IN the world of higher education, we professors like to believe that we are free from the racial and gender biases that afflict so many other people in society. But is this self-conception accurate?
To find out, we conducted an experiment. A few years ago, we sent emails to more than 6,500 randomly selected professors from 259 American universities. Each email was from a (fictional) prospective out-of-town student whom the professor did not know, expressing interest in the professor’s Ph.D. program and seeking guidance. These emails were identical and written in impeccable English, varying only in the name of the student sender. The messages came from students with names like Meredith Roberts, Lamar Washington, Juanita Martinez, Raj Singh and Chang Huang, names that earlier research participants consistently perceived as belonging to either a white, black, Hispanic, Indian or Chinese student. In total, we used 20 different names in 10 different race-gender categories (e.g. white male, Hispanic female).
On a Monday morning, the emails went out — one email per professor — and then we waited to see which professors would write back to which students. We understood, of course, that some professors would naturally be unavailable or uninterested in mentoring. But we also knew that theaverage treatment of any particular type of student should not differ from that of any other — unless professors were deciding (consciously or not) which students to help on the basis of their race and gender. (This “audit” methodology has long been used to study intentional and unintentional bias in real-world decision-making, as it allows researchers to standardize much about the decision environment.)
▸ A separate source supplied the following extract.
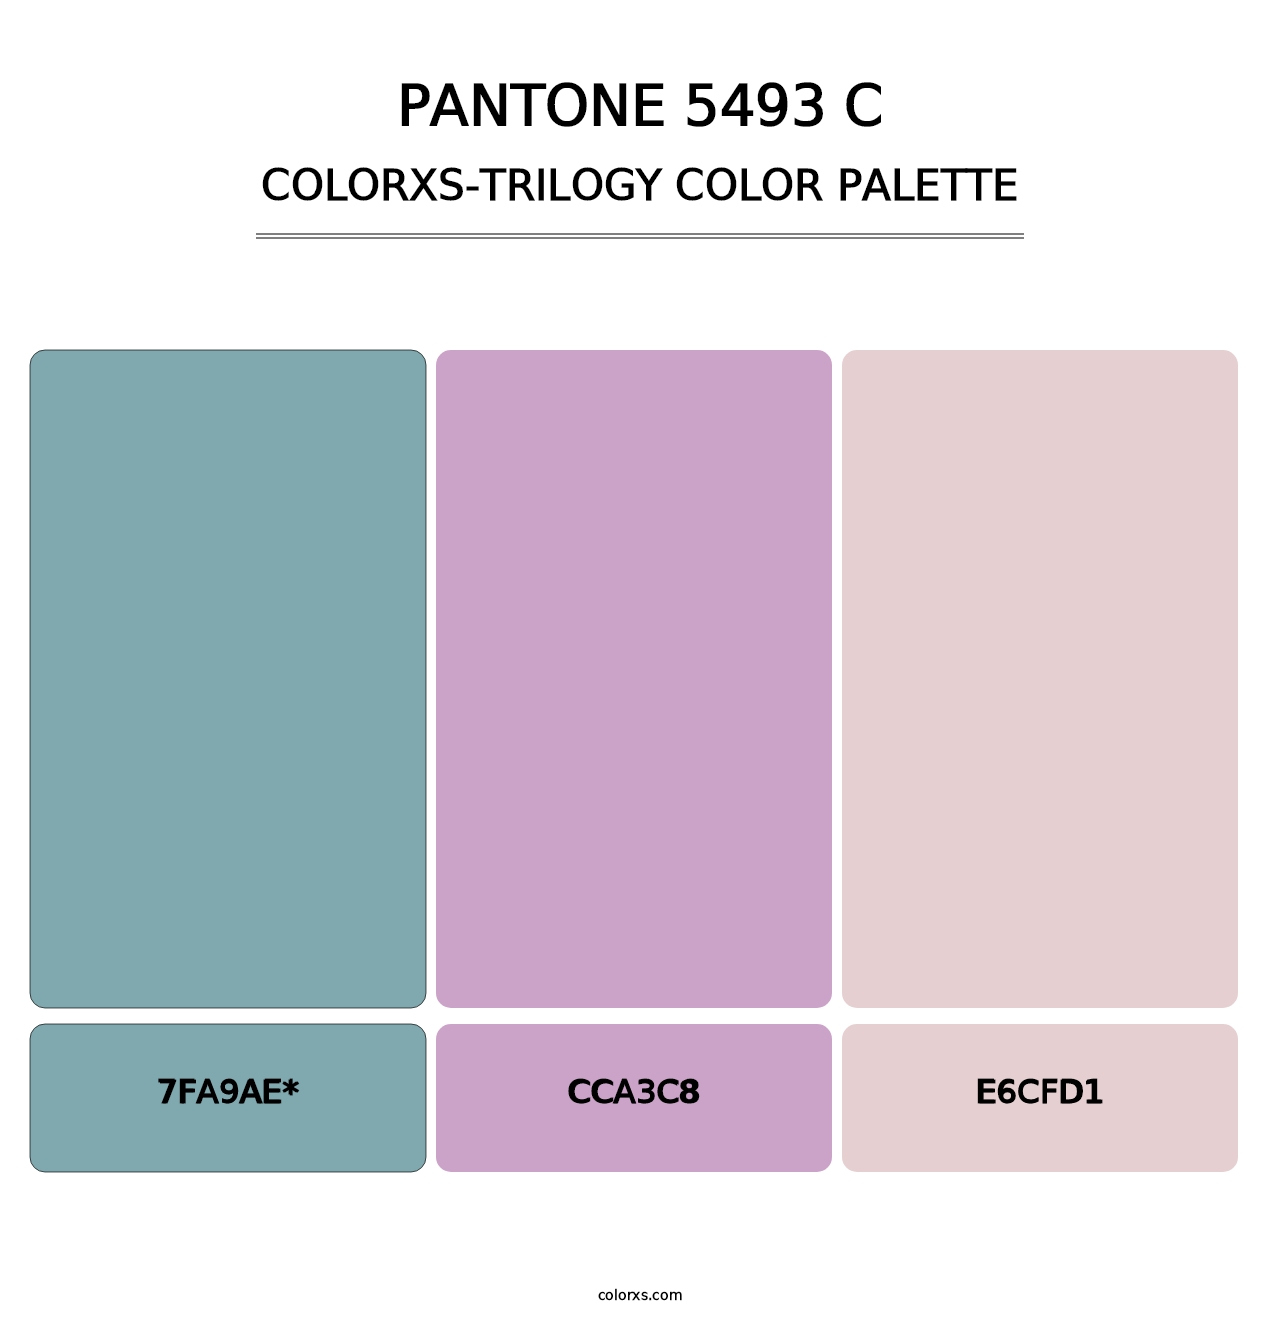 PANTONE 5493 C - Colorxs Trilogy Palette
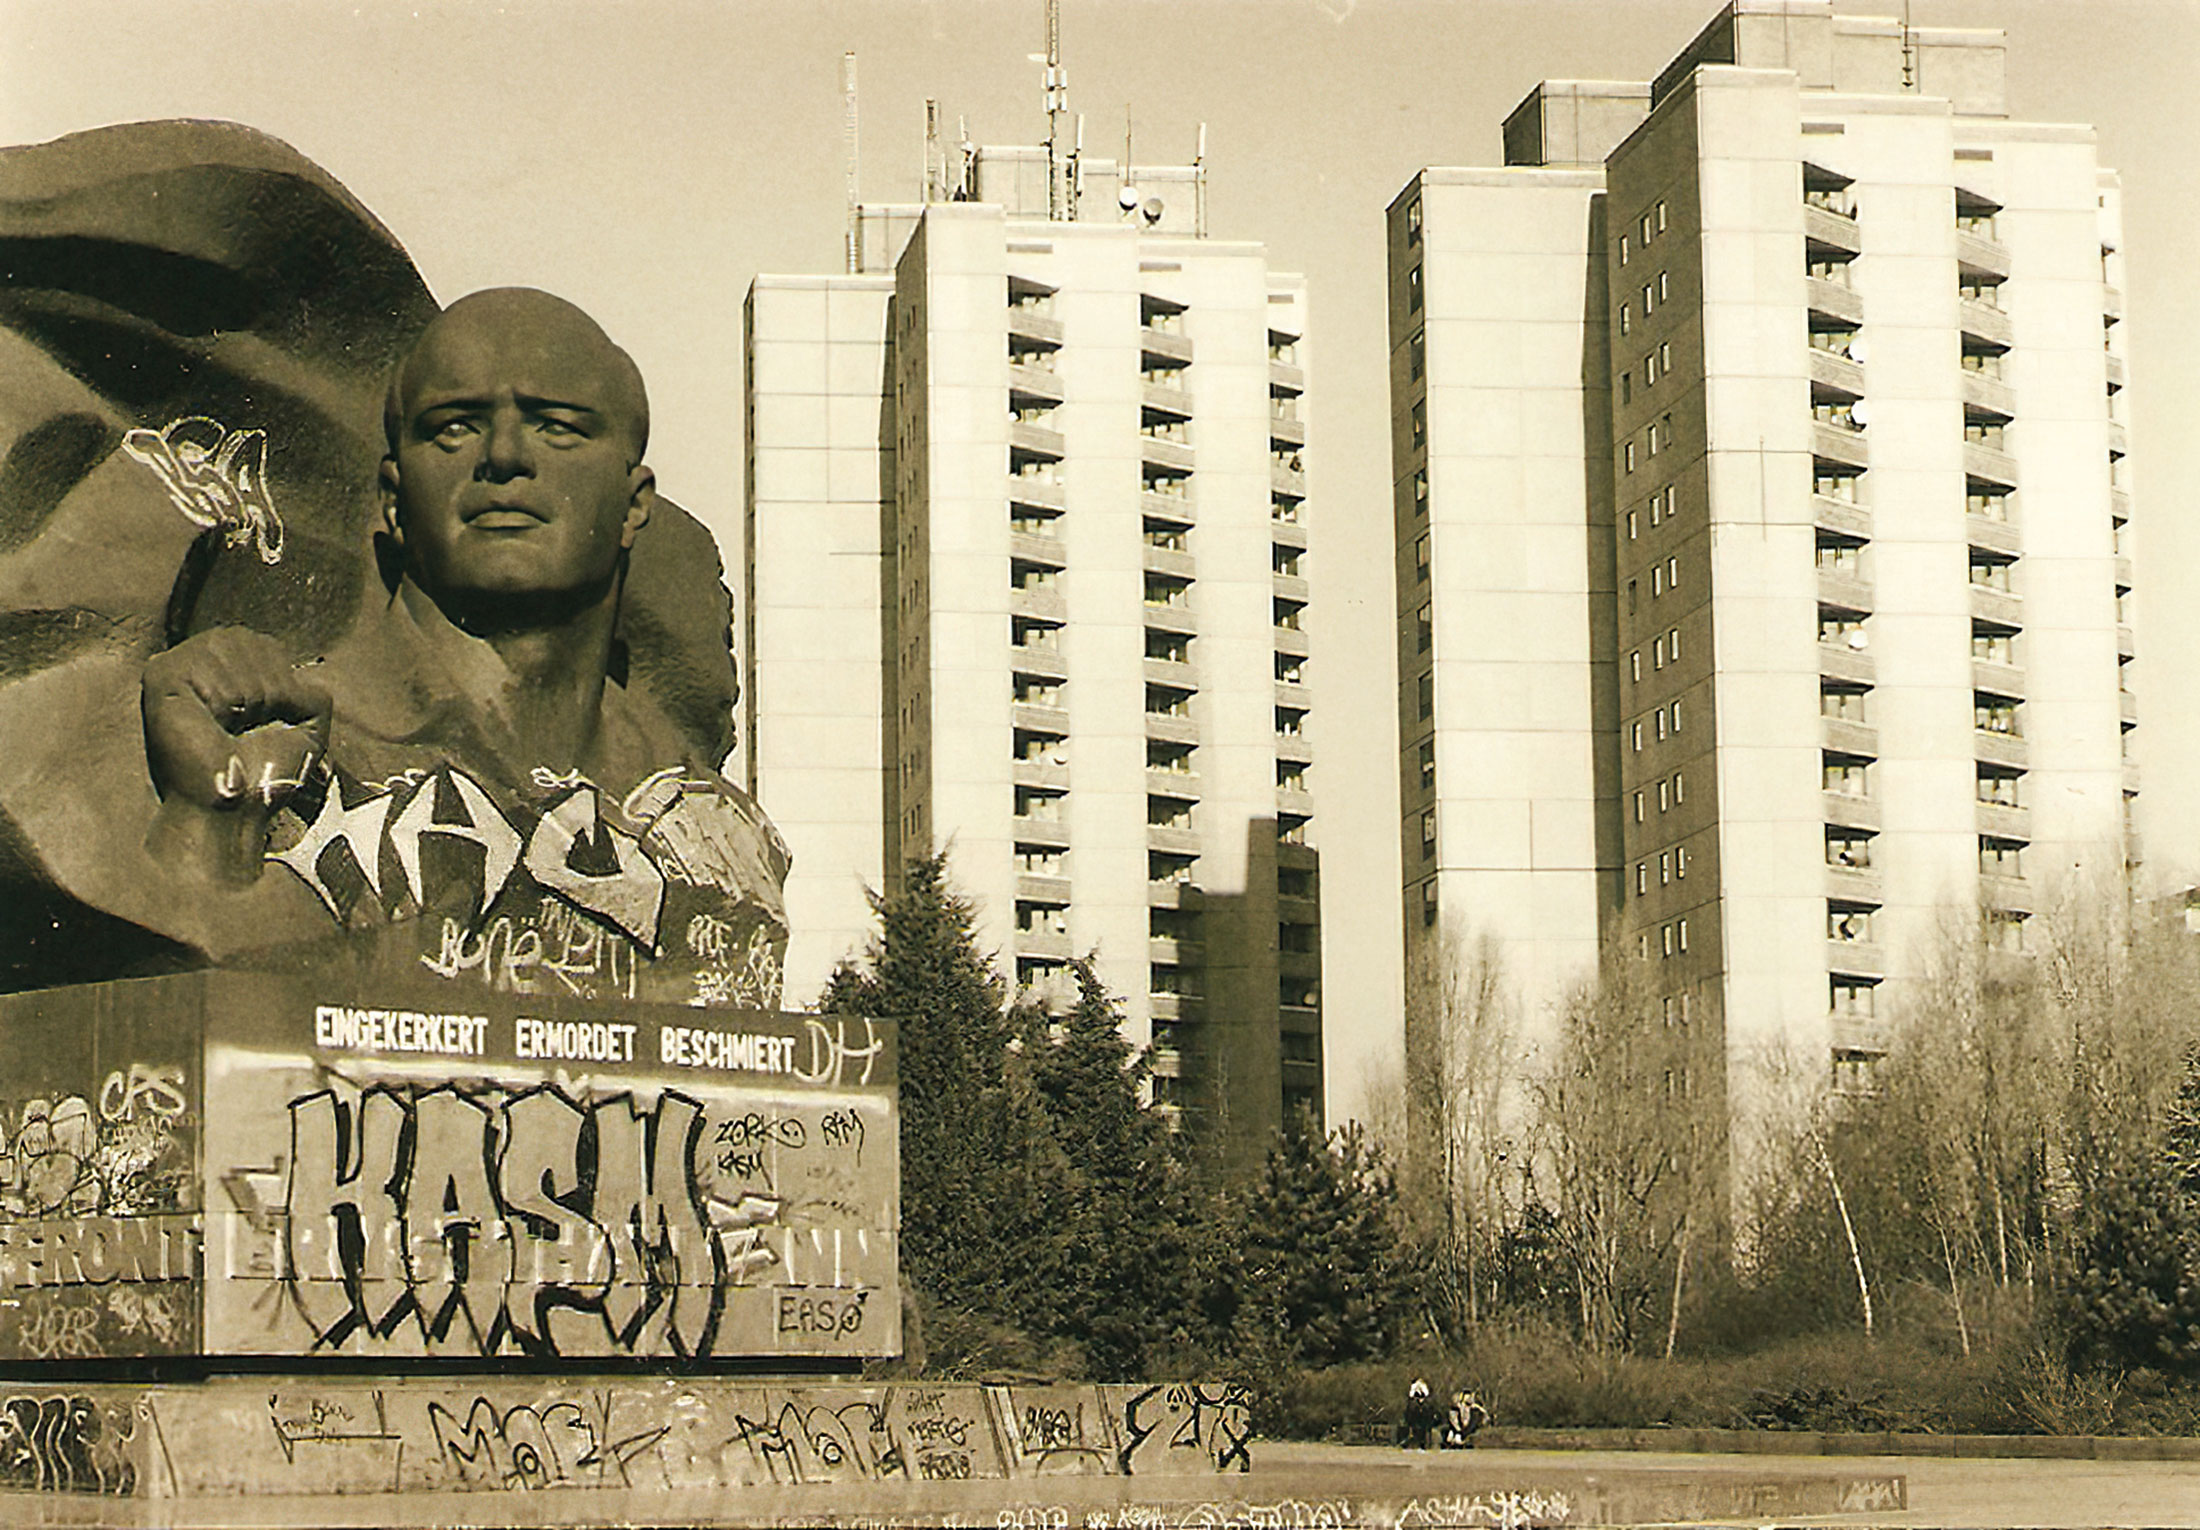 Das Thälmann-Denkmal wird seit den 1990er-Jahren wiederholt mit Graffiti bemalt. 1995 protestierten Anwohner:innen gegen den fortschreitenden Verfall und trugen die Worte „eingekerkert – ermordet – beschmiert“ auf. Seither wechseln sich Reinigungs- und Sprayer-Aktivitäten ab.

What did we discover? First comes the fairly good news, which we reported in a paper in Psychological Science. Despite not knowing the students, 67 percent of the faculty members responded to the emails, and remarkably, 59 percent of the responders even agreed to meet on the proposed date with a student about whom they knew little and who did not even attend their university. (We immediately wrote back to cancel those meetings.)
Now for the bad news. We computed the average response rates for each category of student (e.g., white male, Hispanic female), dividing the number of responses from the professors by the number of emails sent from students in a given race or gender category. Our analyses, which we reported recently in a second paper, revealed that the response rates did indeed depend on students’ race and gender identity.
Professors were more responsive to white male students than to female, black, Hispanic, Indian or Chinese students in almost every discipline and across all types of universities. We found the most severe bias in disciplines paying higher faculty salaries and at private universities. In a perverse twist of academic fate, our own discipline of business showed the most bias, with 87 percent of white males receiving a response compared with just 62 percent of all females and minorities combined.
Surprisingly, several supposed advantages that some people believe women and minorities enjoy did not materialize in our data. For example: Were Asians favored, given the model minority stereotype they supposedly benefit from in academic contexts? No. In fact, Chinese students were the most discriminated-against group in our sample. Did reaching out to someone of the same gender or race — such as a black student emailing a black professor — reduce bias? No. We saw the same levels of bias in both same-race and same-gender faculty-student pairs that we saw in pairs not sharing a race or gender (the one exception was Chinese students writing to Chinese professors).
Did it help to be in a discipline with a greater representation of women and minorities? Again, no. Faculty members in those more diverse disciplines, like criminal justice, were no less likely to discriminate than those in less diverse disciplines, like statistics. Did it help that these were students in the pre-applicant stage, when some believe underrepresented groups enjoy advantageous access to selective opportunities? Again, no. Even before reaching the formal admissions stage, women and minorities faced bias. In sum, each of the supposed hidden advantages of being a woman or minority proved to be no more than a phantom.
We doubt that we, or many professors in our sample, or many Americans generally, intentionally discriminate against women and minorities. But based on our research, we are a little chastened. Good intentions and meritocratic ideals aside, we have work to do.